= John Bonello (referee) =

Canadian professional wrestler and referee

John Joseph Bonello is a Canadian professional wrestler and referee who worked for the World Wrestling Federation during the 1980s.

==Wrestling==
Bonello started as enhancement talent for Big Time Wrestling. He got a push in 1980 that saw him win the Detroit version of the NWA World Tag Team Championship twice. After the promotion closed, he moved to Maple Leaf Wrestling. In 1984, he faced Billy Red Lyons in Lyons’ final match for the promotion. He also wrestled for Jim Crockett Promotions.

==Officiating==
After his in-ring career ended, Bonello regularly refereed wrestling shows at Toronto's Maple Leaf Gardens. He refereed at Wrestlemania VI at the SkyDome. He helped train future WWF referee Jimmy Korderas.

==Criminal conviction==
On April 15, 1990, Bonello was arrested and charged with counselling to commit first-degree murder.

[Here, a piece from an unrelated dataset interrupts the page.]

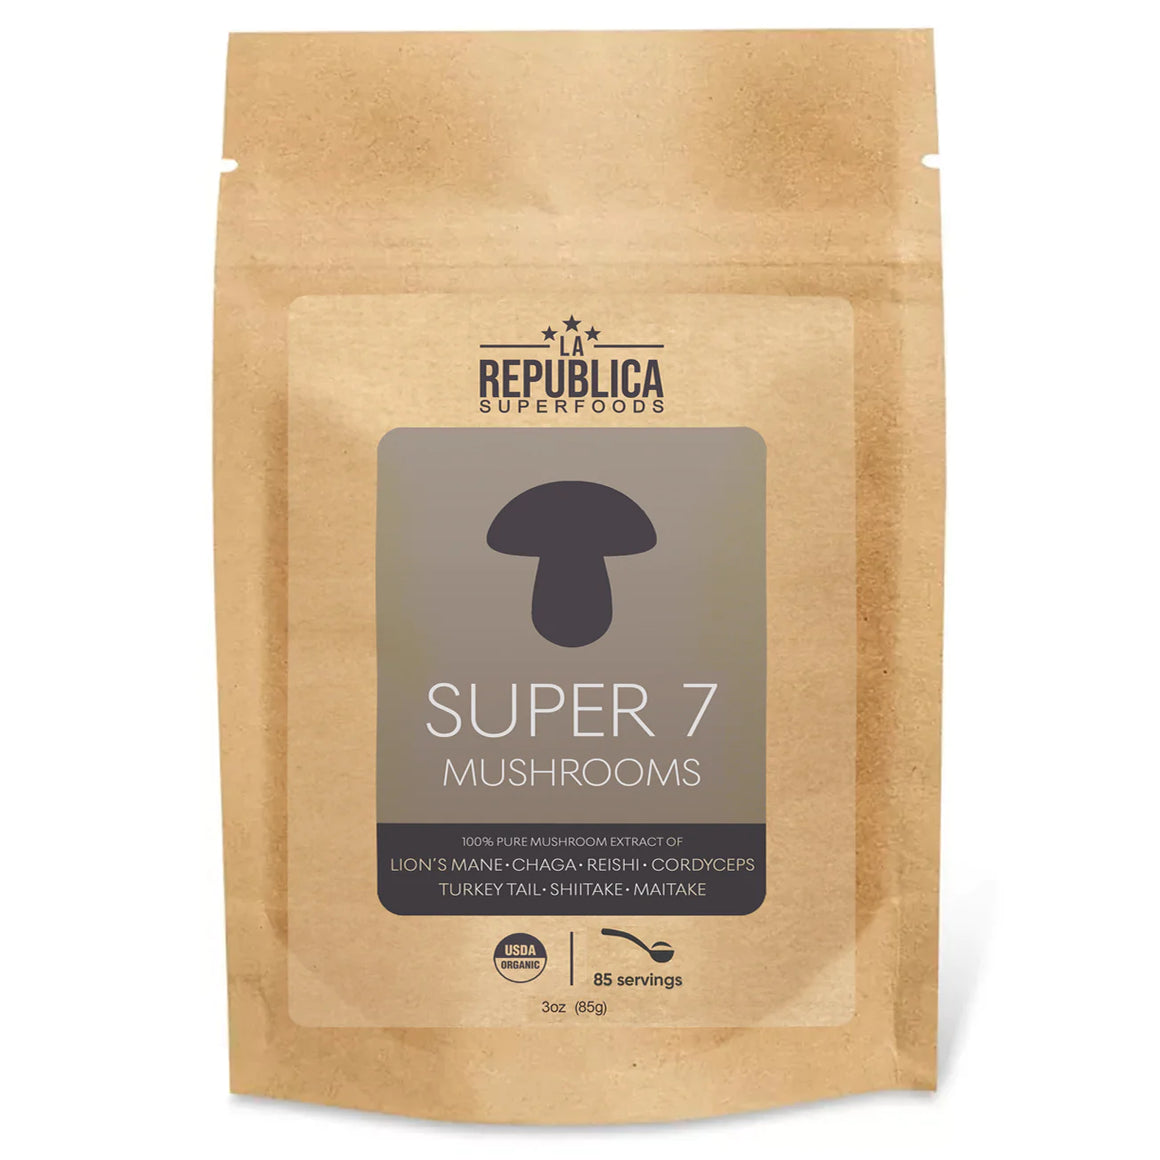 Super 7 Mushroom Extract Powder - La Republica

According to police, he offered $5,000 to an undercover officer posing as a hit man to murder his wife, Diane. He was convicted of counselling first-degree murder, which carried a maximum penalty of life imprisonment. During sentencing, the prosecution asked for a prison term of at least six years. Diane Bonello testified on her husband's behalf, telling the court that her husband's multiple jobs (he was working full-time at McDonnell Douglas and part time as a referee and bouncer) and drug use (he was using marijuana, cocaine, amphetamines, and steroids) sent her husband "over the edge." Psychiatrist Dr. Basil Orchard testified Bonello's steroid use likely resulted in a steroid psychosis. He was sentenced to 18 months in prison, three years' probation, and 360 hours of community service. The Court of Appeal for Ontario later increased the sentence to five years, on the grounds that the original sentence "clearly failed to reflect the need for a denunciatory sentence to mark the gravity of the offence and the need to deter others similarly inclined."